The Pelecocrinidae

The latter part of the Palaeozoic represented a peak in crinoid diversity. More families of crinoid have been recognised from the Carboniferous and Permian than any period before or since. Among the various families of the Late Palaeozoic were representatives of the Pelecocrinidae.

Pelecocrinus insignis, from Moore & Teichert (1978).

The fossil record of the pelecocrinids was long-lasting but patchy. They are known from the early Carboniferous of North America (Pelecocrinus) and Great Britain (Forthocrinus), the late Carboniferous of North America (Exoriocrinus), and the late Permian of Italy (Tetrabrachiocrinus) and Indonesia (Drepaocrinus, Malaiocrinus). These locations largely correspond to what would have been a distribution along the northern coast of the Palaeotethys Ocean, possibly becoming extinct in the west as the gap between North America and the southern continent of Gondwana closed to form the Pangean supercontinent. Pelecocrinids seem to be so far unknown from the southern continents.

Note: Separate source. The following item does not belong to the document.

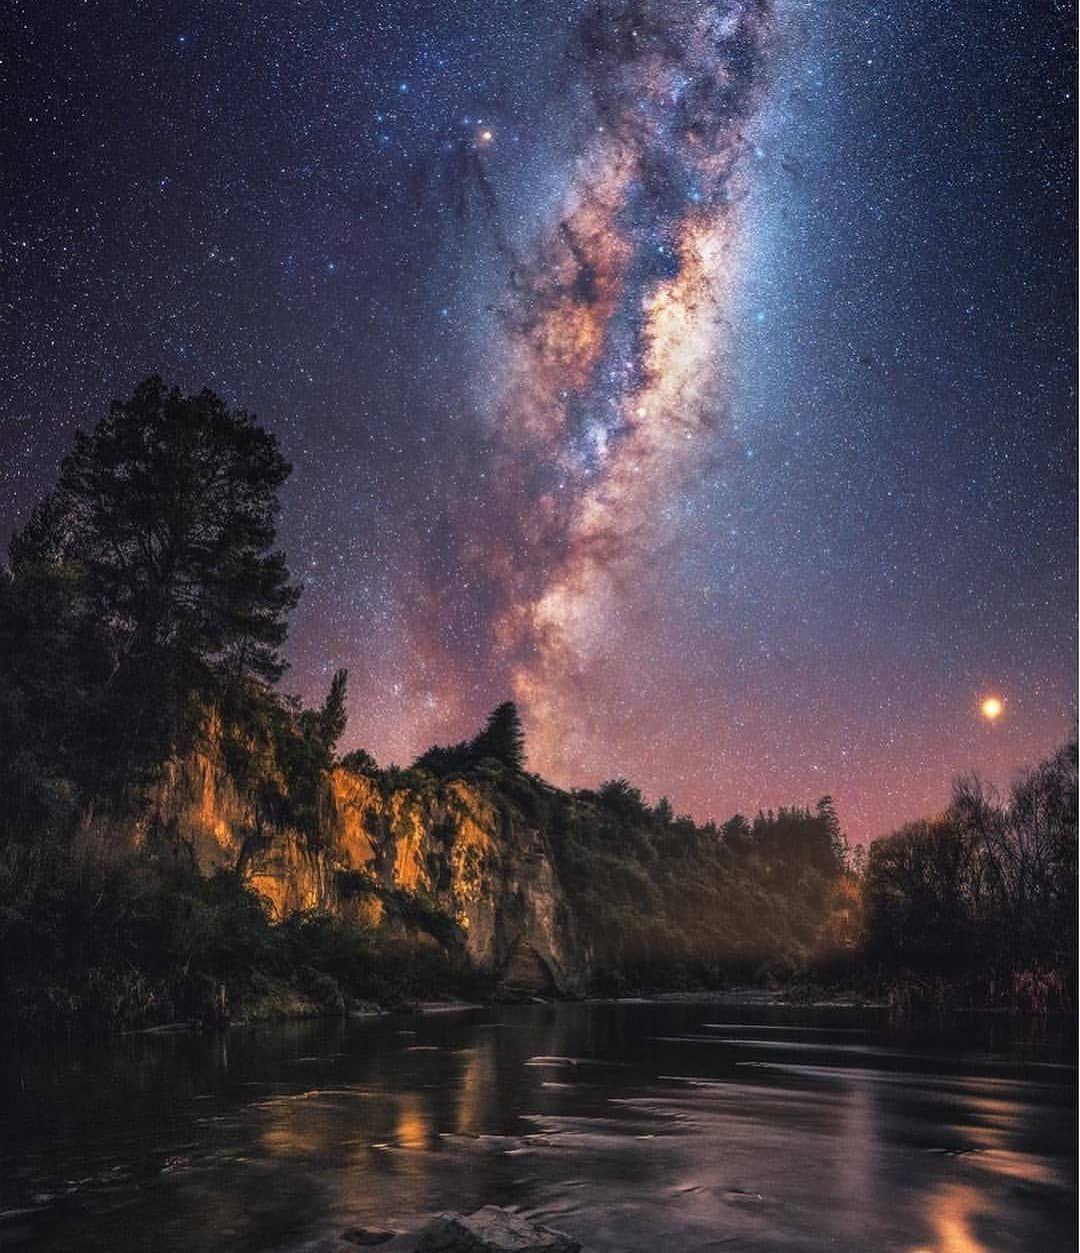 Muharip Gazi Night Landscape Night Skies Milky Way

In life, pelecocrinids were characterised by a high crown arising from a low, bowl-shaped cup. The stem could be round or pentagonal. The base of the cup was flattened or shallowly concave, so the infrabasals (the lowest circle of plates above the stem) were barely or not visible where the cup to be observed from the side. The articulations between the upper plates of the cup and the bases of the arms were angled downwards and outwards with the articular facets being somewhat narrower than the plates they sat on. The arms themselves had a wedge-shaped cross-section and divided into equal branches two or more times along their length. Each arm bore one or two rows of pinnules. The anal sac, as described for Pelecocrinus, was relatively short and slender and summited by heavy, spinose plates.

The structure of the arm articulations and pinnules indicates that the arms would have been subject to muscular control with individual arms being able to be moved in more than one plane. This arrangement became increasingly common among crinoids from the Carboniferous onwards, allowing them to function in more high-current habitats. The position of the arms and pinnules could be adjusted to optimise filtration from the water column, while the current provided lift to the crown so it did not need to be mechanically supported by the stem alone. The effectiveness of this arrangement is attested to by the long history of the pelecocrinids. Nevertheless, the end-Permian extinction was to end their lineage along with that of so many of their contemporaries.


Moore, R. C., & C. Teichert (eds) 1978. Treatise on Invertebrate Paleontology pt T. Echinodermata 2. Crinoidea vol. 2. The Geological Society of America, Inc.: Boulder (Colorado), and The University of Kansas: Lawrence (Kansas).